| DATA FOR PROCESSING |
☆ ☆ ☆ ☆ ☆ ☆ ☆

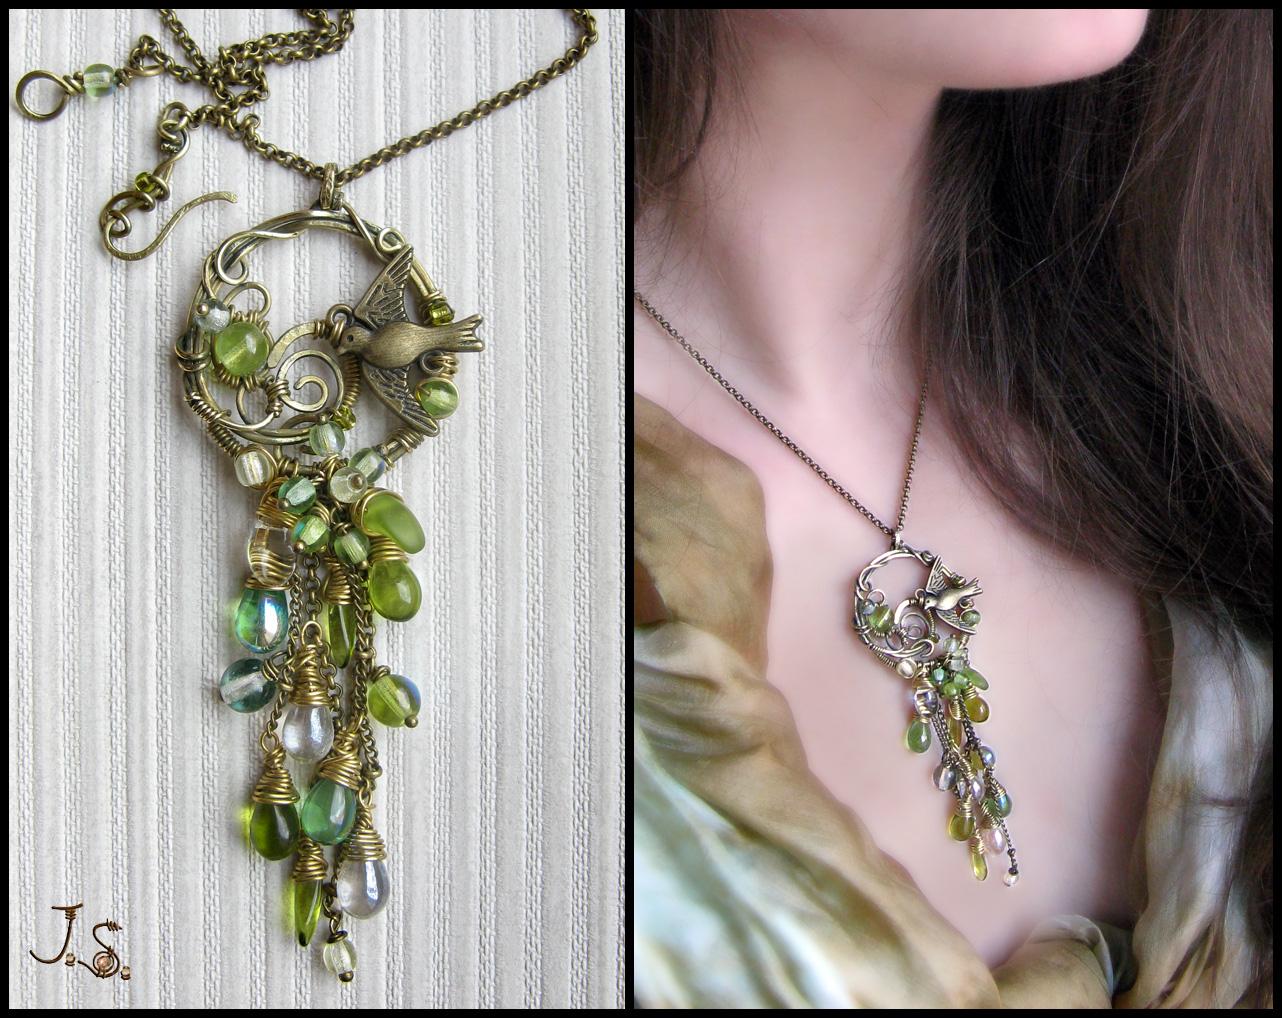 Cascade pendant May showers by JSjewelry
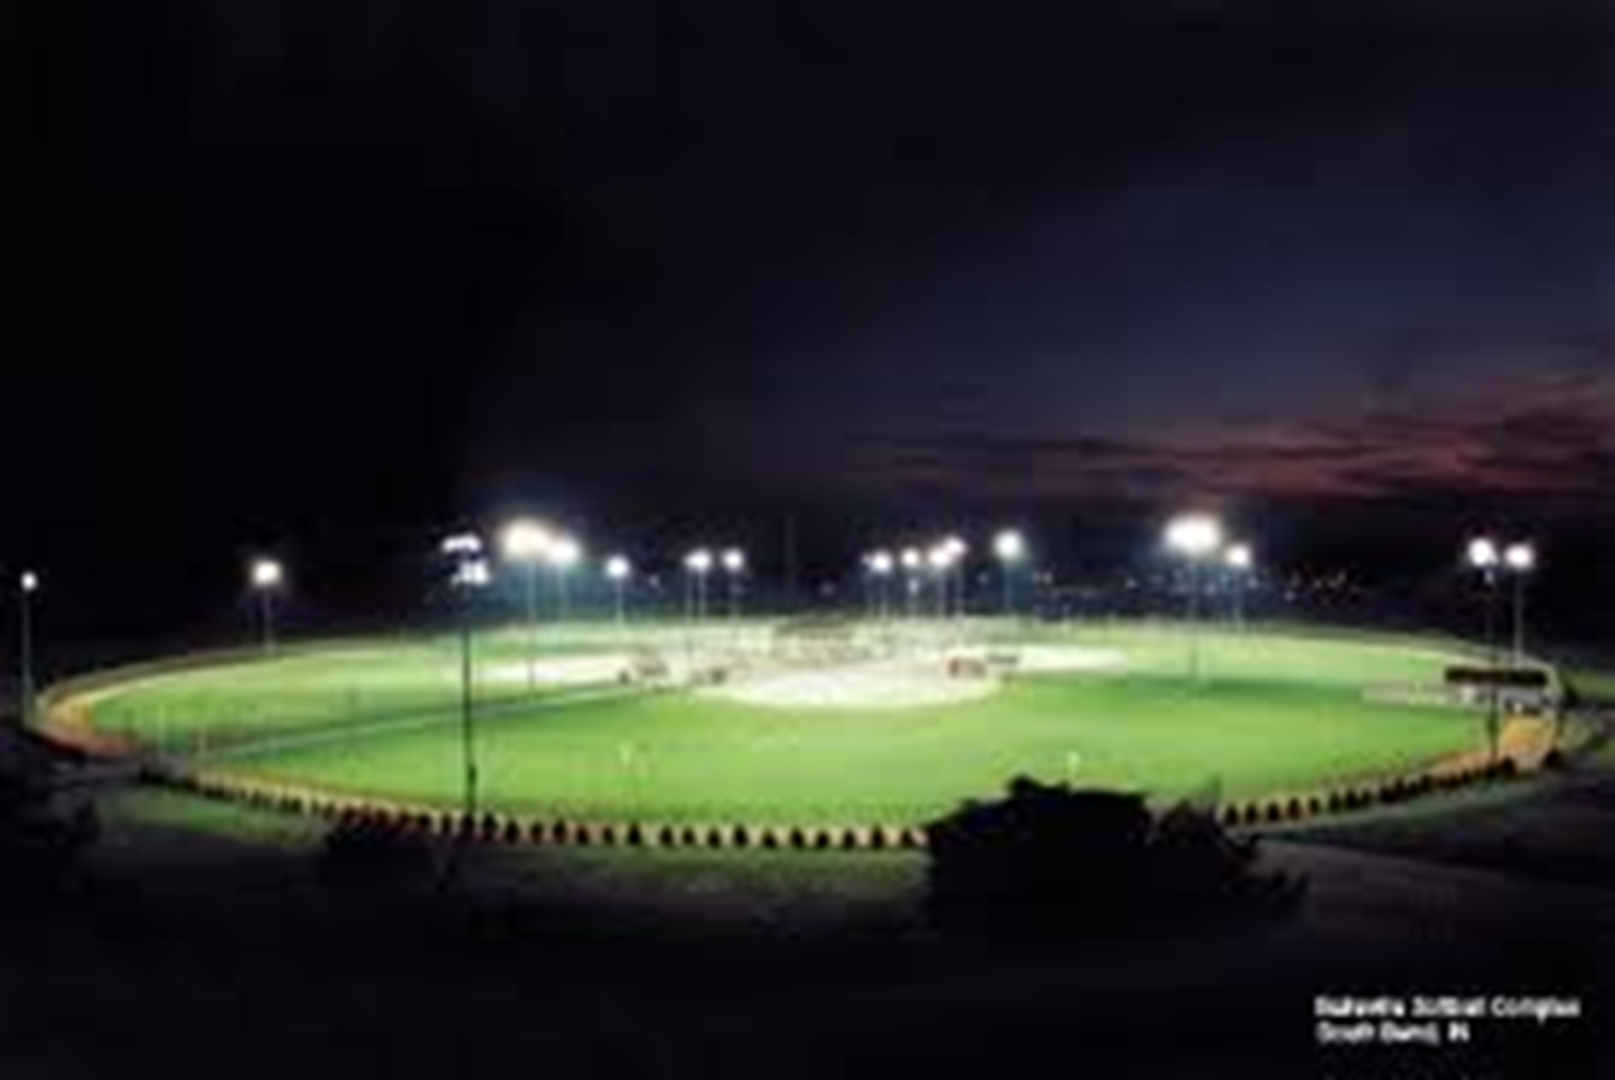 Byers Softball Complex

☆ ☆ ☆ ☆ ☆ ☆ ☆

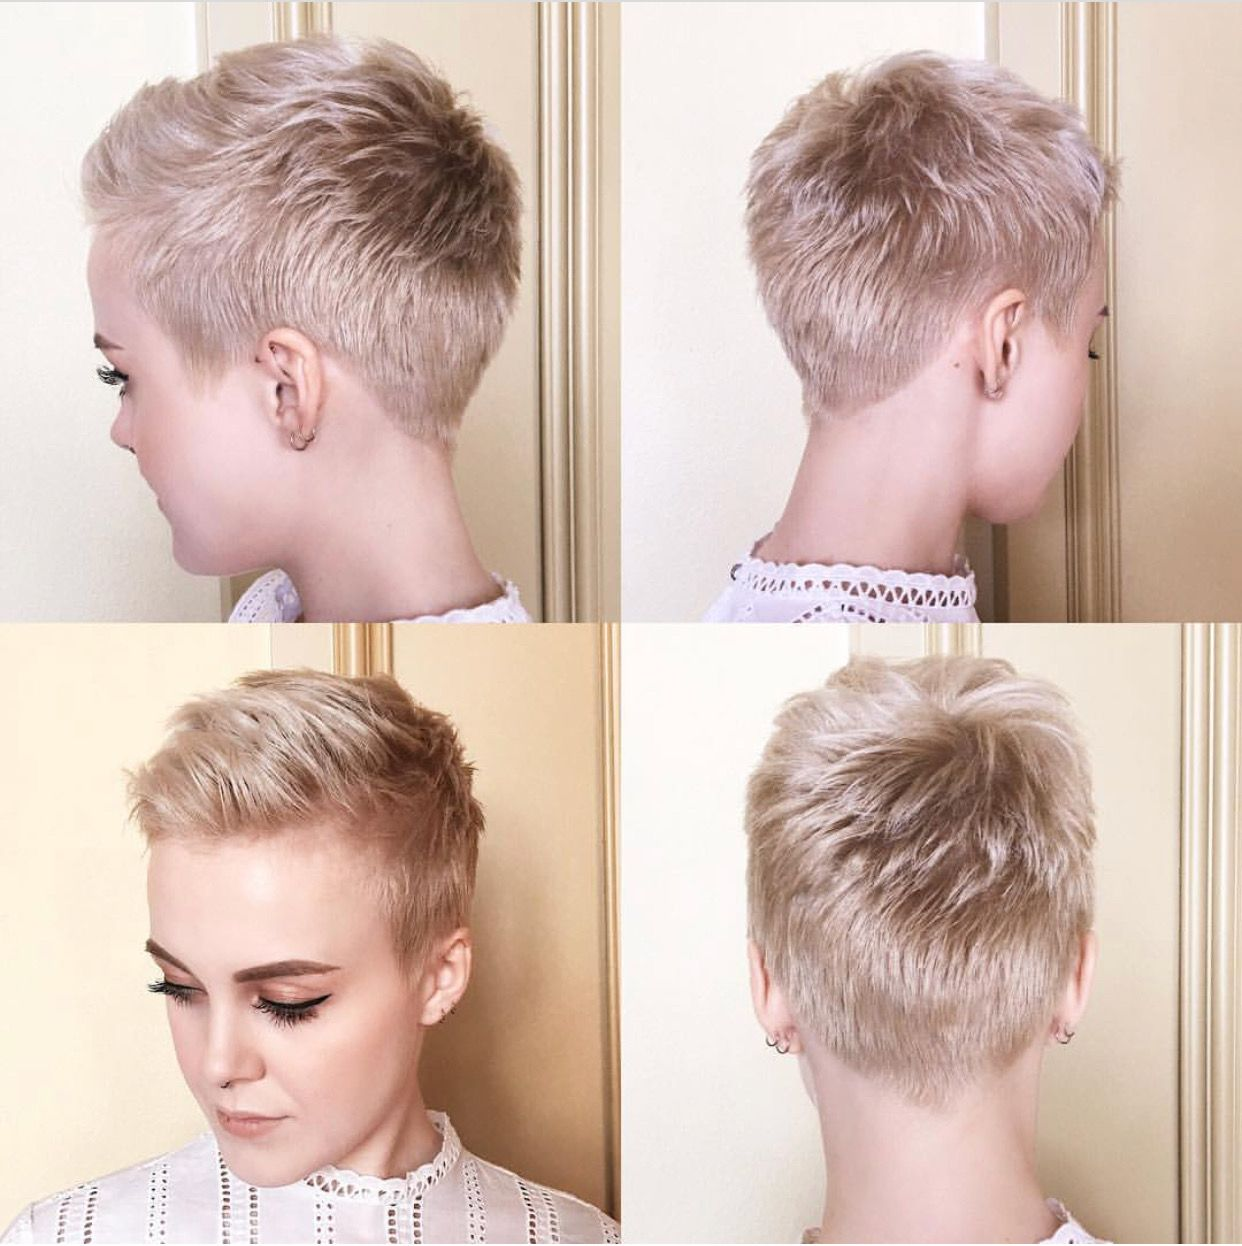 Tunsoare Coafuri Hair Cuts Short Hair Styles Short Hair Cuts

☆ ☆ ☆ ☆ ☆ ☆ ☆

| INSTRUCTIONS FOR THE TASK |
Starting at the line above with "Cascade pendant May showers by JSjewelry", output every line exactly up to and including the line with "Byers Softball Complex", but none of the pictures.

| SOLUTION TO THIS TASK |
 Cascade pendant May showers by JSjewelry
 Byers Softball Complex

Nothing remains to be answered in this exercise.